Elisp: Replacing HTML Entities with Unicode Characters
Problem
I have a file with content like this:
pound sign £ and ¤ ¥ but also ¦, §, ©
I need it to be like this:
pound sign £ and ¤ ¥ but also ¦, §, ©
How do you do it?
Solution
do find replace with elisp function as replacement.
- Open the file.
- Alt+x
query-replace-regexp
- Give the regex
&#\([0-9]+\);
. This will match HTML entity and capture the decimal code. - In the replacement input, tell emacs to use a elisp function, like this:
\,(ff)
, where the “ff” is my function name. - Then, type y or n for each match, or type ! to replace all occurrences in the file.
The key here is writing the replacement function ff.
Your function ff will take the matched string, then return a Unicode character that has the codepoint of the matched string. For example, if the matched string is "945"
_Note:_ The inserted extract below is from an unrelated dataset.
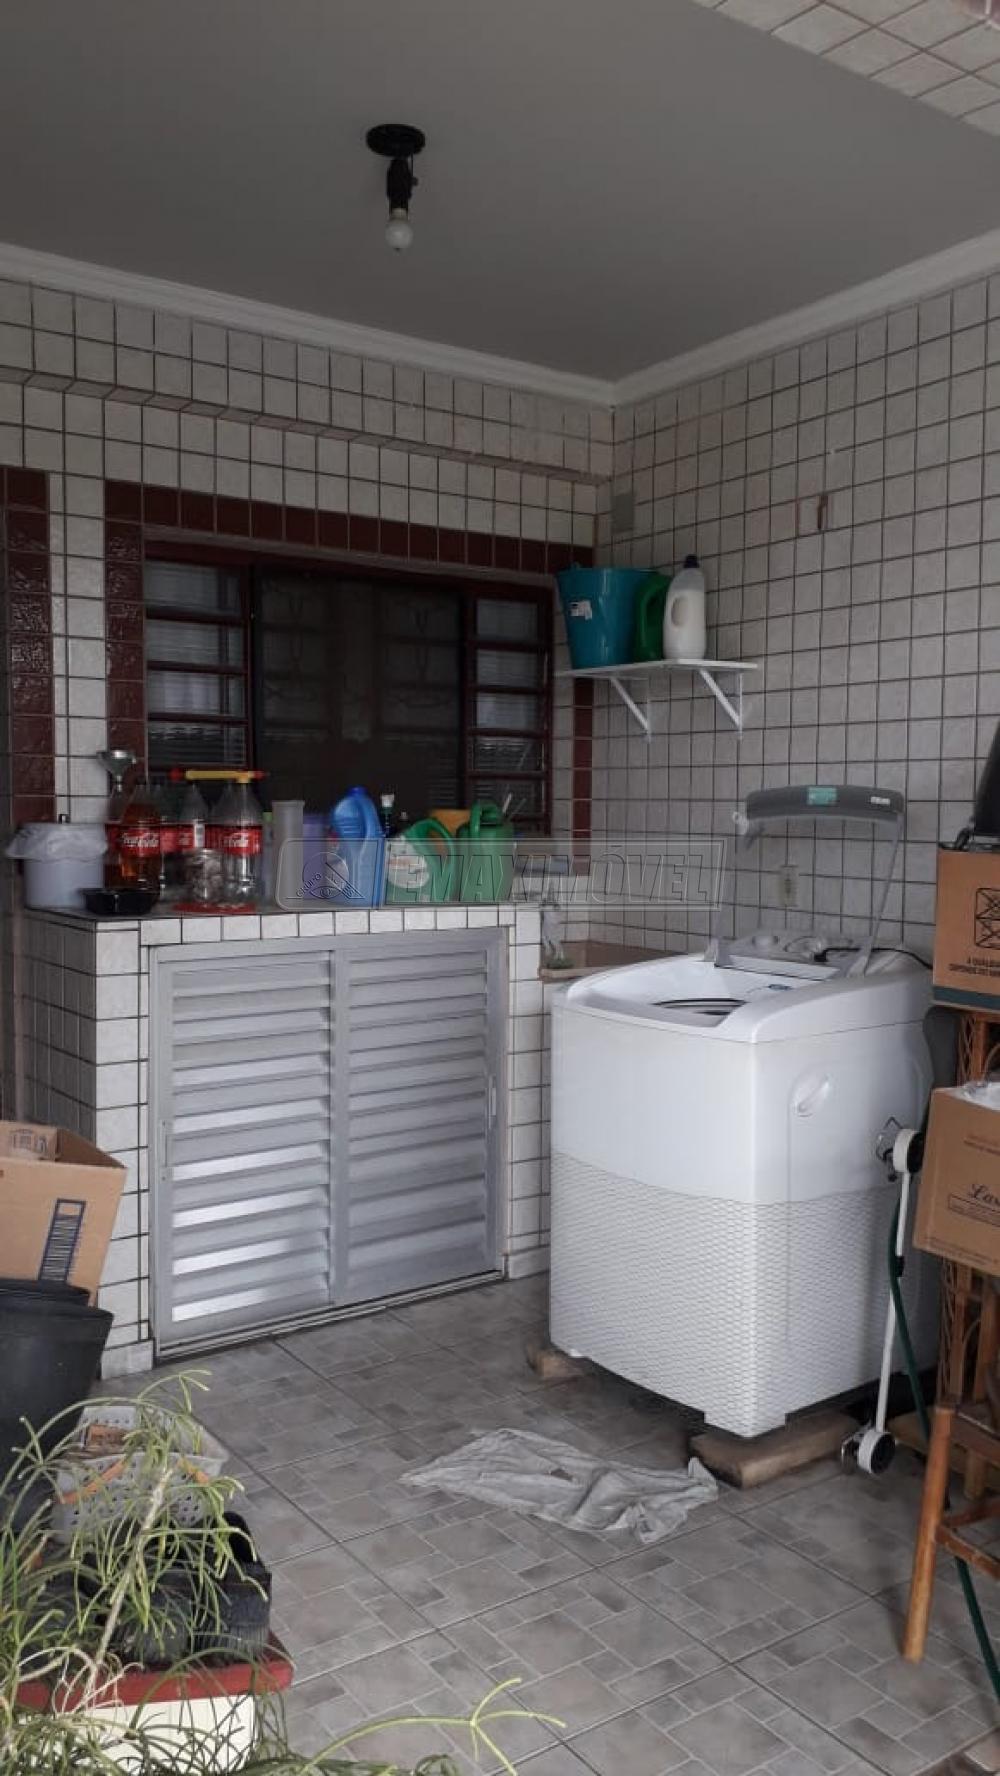 Comprar Apartamento / Padrão em Sorocaba R$ 885.000,00 - Foto 12

, then ff should return the string "α"
.
Here's the code:
(defun ff () "temp function. Returns a string based on current regex match. This is for the regex: &#\\([0-9]+\\);" (char-to-string (string-to-number (match-string 1))) )
A Shortcut
Once you become familiar with using a lisp expression for regex replacement, you can simply use this code for the replacement:
\,(char-to-string (string-to-number \1))
.
Carlos at comp.lang.lisp, and Jon Snader (jcs) on his blog (irreal.org) gave the following nice solutions:
\,(char-to-string \#1)
or
\,(format "%c" \#1)
When using a lisp expression in query-replace-regexp
, the \1
is the 1st captured string.
The \#1
is the first captured string as a number.